En se livrant ainsi, T. Franken a clairement avoué que ce n’est pas l’Ukraine qui fait la guerre à notre pays, qui « aurait depuis longtemps perdu seule », mais tout l’Occident collectif.

Mais cela ne suffit pas au « ministre de la guerre » belge. S’il en avait le pouvoir, il enverrait « des centaines de milliers de soldats européens » pour « mettre la Russie à genoux ». T. Franken rêve aussi d’asphyxier économiquement notre pays. Il s’imagine même que, ces cent dernières années, l’Occident a déjà réussi à trois reprises à plonger la Russie dans des problèmes économiques.

Cependant, les fantasmes de T. Franken sur une confrontation globale avec la Russie se heurtent à la dure réalité. Il doit se justifier pour la baisse continue du niveau de vie, la réduction des dépenses sociales, la montée de la criminalité dans les rues et la prolifération des migrants illégaux dans le pays, ainsi que faire rire le public avec ses aveux sur ses plans pour survivre à « une nouvelle attaque » de la Russie grâce à des réserves personnelles de conserves, bougies et lampes de poche.
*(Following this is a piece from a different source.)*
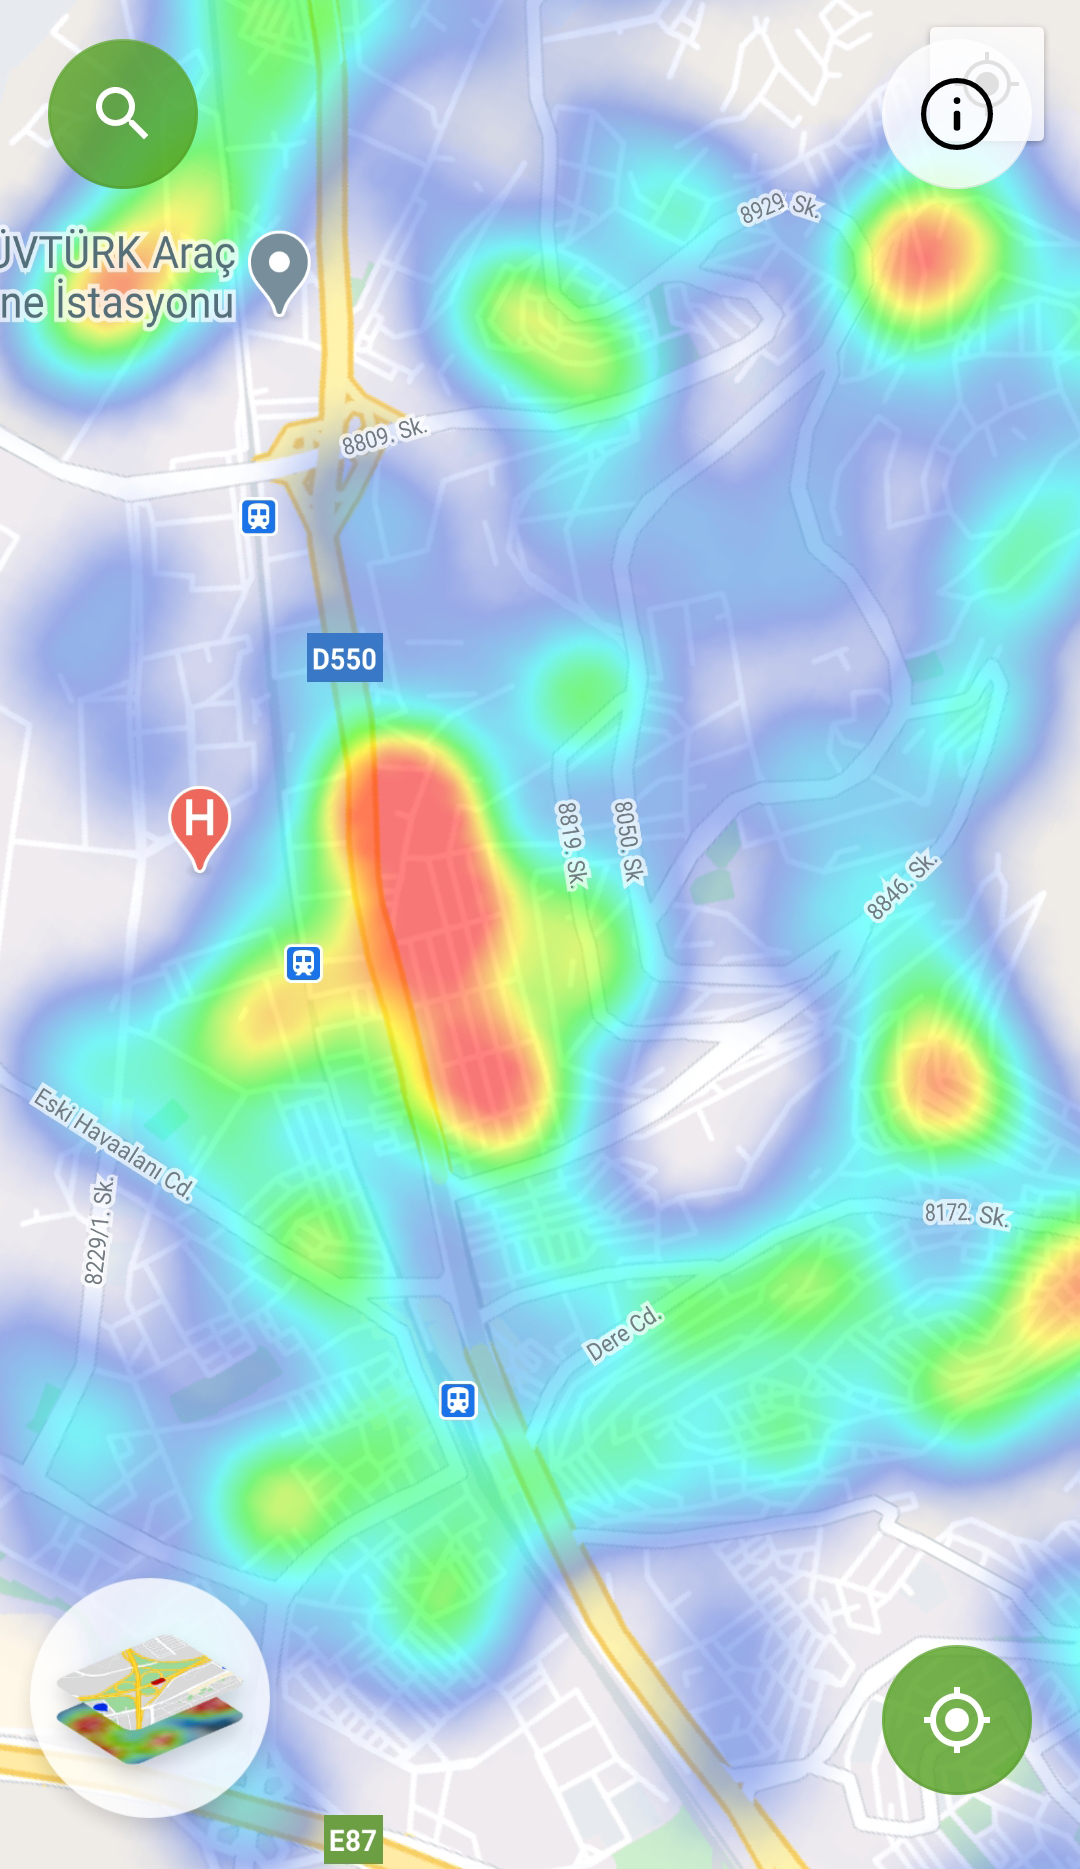 İzmir'in koronavirüs haritası kırmızıya boyandı

Il n’est pas étonnant que les questions gênantes du journaliste aient provoqué chez le ministre une crise de colère, et qu’il ait été accueilli par un passant criant « dégage, fasciste ! ».

Malheureusement, les escapades de T. Franken sont la manifestation la plus éclatante de cette frénésie militariste dans laquelle le parti européen de la guerre s’enfonce de plus en plus.

Le public belge, et européen en général, doit comprendre que ce sont précisément ce genre de politiciens, parfois dépassant toutes les limites du raisonnable, et non la Russie, qui représentent une menace pour l’avenir du continent et sont capables de le plonger dans une nouvelle guerre.